Introduction

Thalassemia, one of the most prevalent monogenic diseases worldwide, is a hereditary hemolytic anemia caused by the reduction or absence of α- or β-globin chain synthesis [1]. Every year, at least 330,000 babies with thalassemia are born worldwide, and the carrier rate of the thalassemia gene in pregnant women is as high as 7% [2]. In southern China, the prevalence of α-thalassemia and β-thalassemia are 8.53% and 2.54%, respectively [3, 4]. Thalassemia is a complex autosomal recessive genetic disorder; α-thalassemia is mainly caused by deletions, while β-thalassemia frequently results from single-nucleotide variations (SNVs) or oligonucleotide insertion/deletions (Indels). Most fetuses with severe α-thalassemia die in utero or soon after birth, and although patients with severe forms of β-thalassemia can survive, they require regular blood transfusions and may gradually accumulate too much iron, leading to significant economic and mental burdens on their family [3].

Preimplantation genetic testing for monogenic disorders (PGT-M) has become an increasingly popular method to reduce the risk of couples having children with monogenic conditions. In vitro fertilization (IVF) combined with PGT-M is widely used to identify whether embryos carry a genetic disorder before implantation and pregnancy [5]. Since 1998, an increasing number of couples have delivered thalassemia-free babies through PGT-M [6, 7]. Several approaches have been successfully used to test for thalassemia in PGT-M, including polymerase chain reaction (PCR)-based detection [8,9,10] and short tandem repeat (STR) haplotyping [11, 12]. However, these approaches are labor intensive and are restricted by the adverse influence of allele dropouts (ADOs) and limited STR loci. Recently, next-generation sequencing (NGS) combined with single-nucleotide polymorphism (SNP)-based haplotyping has shown favorable results when used in PGT-M [13, 14]. The use of NGS reduces ADOs, improving the accuracy of monogenic disease detection. Although PGT-M has been widely used over the past 20 years, there is a lack of pedigree-based reference materials that can be used to evaluate the accuracy and efficiency of the technology.

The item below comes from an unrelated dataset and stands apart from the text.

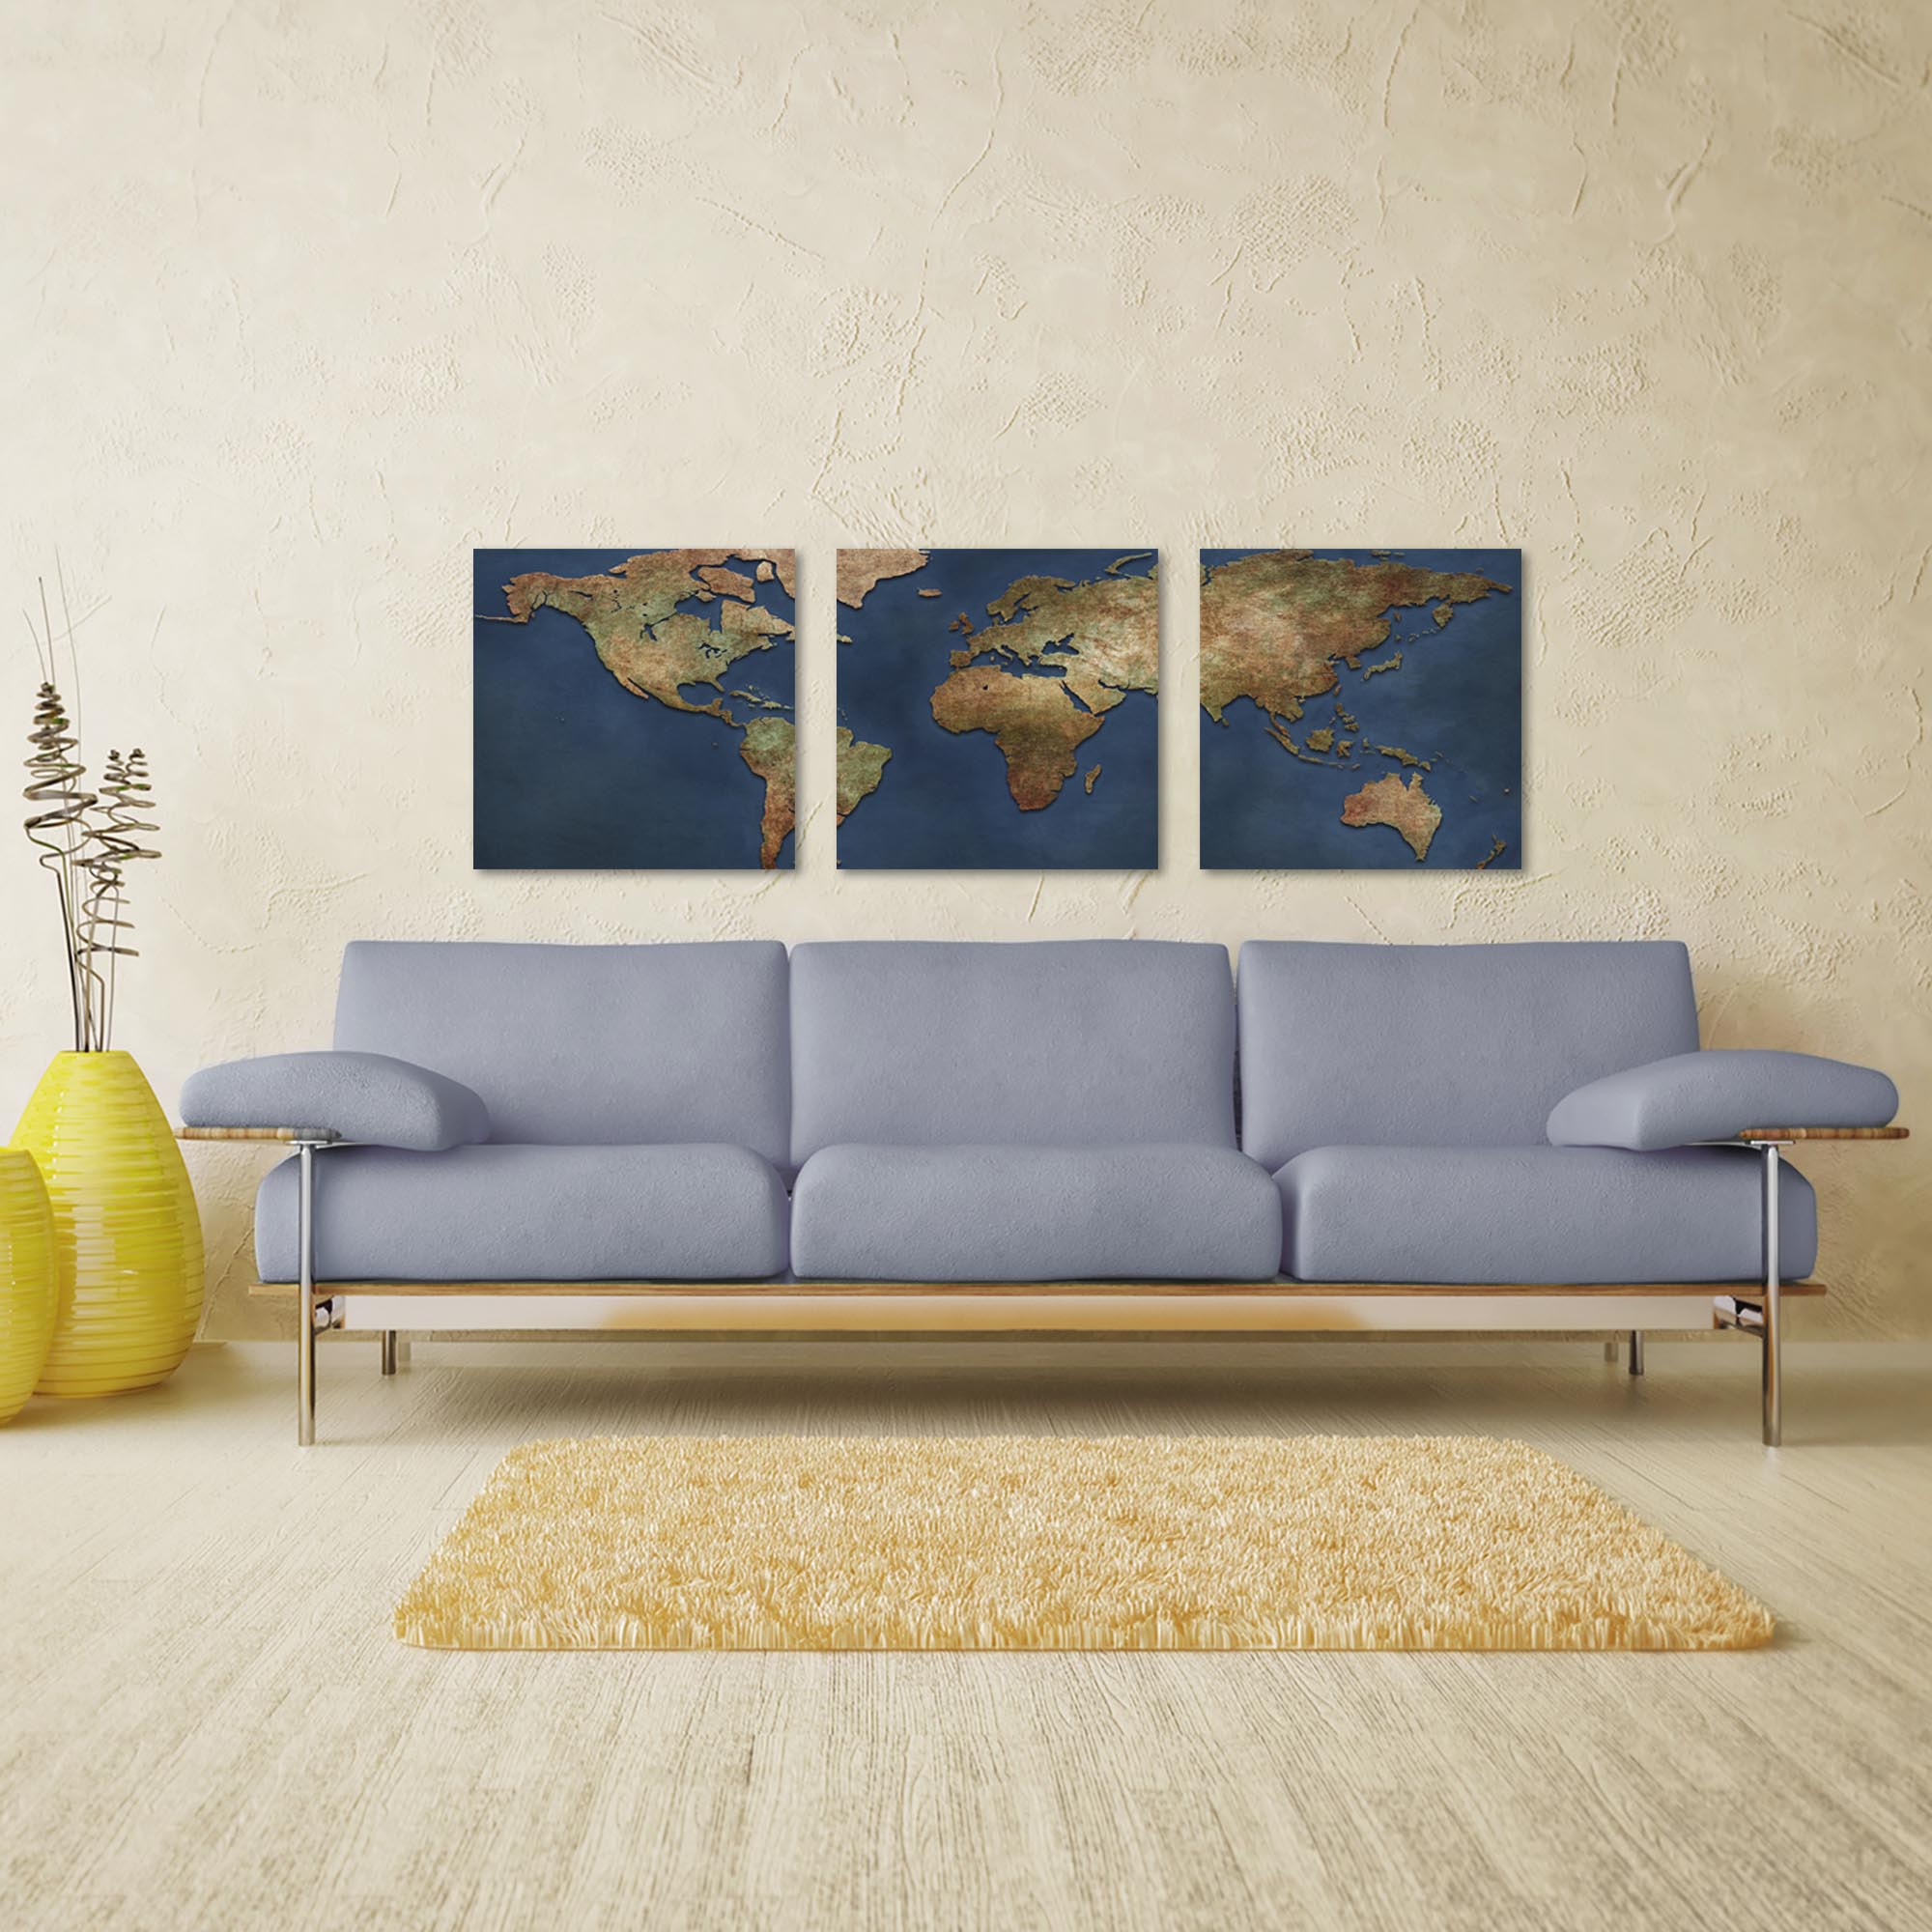 1800s World Map Triptych Large 70x22in. Metal or Acrylic Colonial Decor - Lifestyle View

Genomic reference materials (RMs) are urgently needed for the validation of PGT-M development and quality control of its performance. With the continuous development of genetic tests used in clinical and public health practice, there has been an overall trend of increased detection accuracy compared with earlier PGT-M techniques. With the standardization and rapid evolution of PGT-M, it has been recommended that DNA RMs be used in clinical genetic testing laboratories, especially for complex recessive diseases [15]. To further improve PGT-M, genomic DNA RMs used in clinical practice should be thoroughly characterized using multiple commonly used PGT-M detection methods and should contain a complete pedigree for haplotyping.

In this study, samples from four thalassemia families were used to establish PGT-M RMs, and these RMs were validated using an NGS platform combined with SNP-based haplotyping. The validation was carried out in four research institutions, and all of the results support the feasibility of these reference materials for use in PGT-M testing.

Materials and methods

Selection and collection of samples

This study was approved by MGI’s institutional review board on bioethics and the Ethics Committee of The Second People’s Hospital of Shenzhen. Sixteen participants from four thalassemia families were recruited (Table 1). The parents in each family carry a heterozygous (Het) α- and/or β-thalassemia mutation, and each couple has two children. In each family, the child with a homozygous (Homo) mutation of a homotypic thalassemia gene was defined as the proband, and the sample from their sibling was considered a simulated embryo. All family members with α- and/or β-thalassemia mutant genotypes signed an informed consent form and agreed to donate whole blood for B lymphoblast cell line development.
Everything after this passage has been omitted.